_ASSIGNED TASK_
Nothing outside the range below should be printed. Output exactly the lines from the line with "peppers-cradle-mountain-cabin-night" to the line with "Bausch + Lomb", both included.

[Recorded data]
*** Block opens ***
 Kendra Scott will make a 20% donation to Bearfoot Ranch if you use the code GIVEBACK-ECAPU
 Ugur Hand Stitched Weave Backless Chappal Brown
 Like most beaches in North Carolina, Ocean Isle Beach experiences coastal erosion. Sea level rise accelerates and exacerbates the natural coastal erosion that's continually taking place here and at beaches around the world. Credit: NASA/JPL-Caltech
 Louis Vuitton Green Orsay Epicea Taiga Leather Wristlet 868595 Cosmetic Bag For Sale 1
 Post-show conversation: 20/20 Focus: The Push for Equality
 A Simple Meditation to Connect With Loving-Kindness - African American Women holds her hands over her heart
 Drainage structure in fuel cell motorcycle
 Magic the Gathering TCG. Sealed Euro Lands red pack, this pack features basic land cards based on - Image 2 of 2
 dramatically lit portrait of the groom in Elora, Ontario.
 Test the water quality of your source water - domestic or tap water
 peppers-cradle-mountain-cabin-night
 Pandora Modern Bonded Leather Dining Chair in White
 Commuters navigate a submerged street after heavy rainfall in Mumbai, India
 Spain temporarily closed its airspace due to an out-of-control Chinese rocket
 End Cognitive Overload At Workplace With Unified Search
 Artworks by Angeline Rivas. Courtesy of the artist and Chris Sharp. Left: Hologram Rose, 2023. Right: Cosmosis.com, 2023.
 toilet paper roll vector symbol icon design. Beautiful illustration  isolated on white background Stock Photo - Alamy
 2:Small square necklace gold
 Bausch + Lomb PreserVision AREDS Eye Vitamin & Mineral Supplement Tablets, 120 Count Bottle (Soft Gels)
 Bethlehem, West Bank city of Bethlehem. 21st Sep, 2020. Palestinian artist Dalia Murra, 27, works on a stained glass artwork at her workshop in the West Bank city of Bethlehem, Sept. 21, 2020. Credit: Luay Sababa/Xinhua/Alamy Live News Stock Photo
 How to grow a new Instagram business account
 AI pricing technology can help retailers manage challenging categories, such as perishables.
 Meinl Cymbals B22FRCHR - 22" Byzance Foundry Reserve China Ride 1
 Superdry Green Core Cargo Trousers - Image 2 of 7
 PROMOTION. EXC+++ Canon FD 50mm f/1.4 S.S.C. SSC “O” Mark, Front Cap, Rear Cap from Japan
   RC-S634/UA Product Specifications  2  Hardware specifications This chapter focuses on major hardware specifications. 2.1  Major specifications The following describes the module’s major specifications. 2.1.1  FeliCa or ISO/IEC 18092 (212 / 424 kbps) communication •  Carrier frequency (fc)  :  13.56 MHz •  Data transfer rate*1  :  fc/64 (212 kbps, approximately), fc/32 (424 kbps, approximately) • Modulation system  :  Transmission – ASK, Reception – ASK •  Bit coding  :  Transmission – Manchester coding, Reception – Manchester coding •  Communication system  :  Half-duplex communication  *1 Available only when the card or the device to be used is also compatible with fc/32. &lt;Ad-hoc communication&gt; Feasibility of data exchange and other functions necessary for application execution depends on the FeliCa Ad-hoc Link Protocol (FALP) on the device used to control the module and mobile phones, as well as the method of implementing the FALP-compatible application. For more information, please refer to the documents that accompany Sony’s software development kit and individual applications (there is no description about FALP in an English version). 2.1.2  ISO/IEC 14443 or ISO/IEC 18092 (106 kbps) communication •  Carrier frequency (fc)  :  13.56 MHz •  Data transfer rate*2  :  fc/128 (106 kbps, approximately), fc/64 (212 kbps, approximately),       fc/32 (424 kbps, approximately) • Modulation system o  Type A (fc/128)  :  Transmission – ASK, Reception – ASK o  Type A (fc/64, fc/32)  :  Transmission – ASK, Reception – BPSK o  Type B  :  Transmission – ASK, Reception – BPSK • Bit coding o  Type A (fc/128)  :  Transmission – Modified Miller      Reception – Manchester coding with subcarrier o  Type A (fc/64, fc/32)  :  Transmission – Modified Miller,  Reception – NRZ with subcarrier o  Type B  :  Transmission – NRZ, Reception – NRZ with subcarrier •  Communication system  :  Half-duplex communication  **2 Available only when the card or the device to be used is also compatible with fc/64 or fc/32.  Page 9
*** Block closes ***
_ANSWER TO THIS TASK_
 peppers-cradle-mountain-cabin-night
 Pandora Modern Bonded Leather Dining Chair in White
 Commuters navigate a submerged street after heavy rainfall in Mumbai, India
 Spain temporarily closed its airspace due to an out-of-control Chinese rocket
 End Cognitive Overload At Workplace With Unified Search
 Artworks by Angeline Rivas. Courtesy of the artist and Chris Sharp. Left: Hologram Rose, 2023. Right: Cosmosis.com, 2023.
 toilet paper roll vector symbol icon design. Beautiful illustration  isolated on white background Stock Photo - Alamy
 2:Small square necklace gold
 Bausch + Lomb PreserVision AREDS Eye Vitamin & Mineral Supplement Tablets, 120 Count Bottle (Soft Gels)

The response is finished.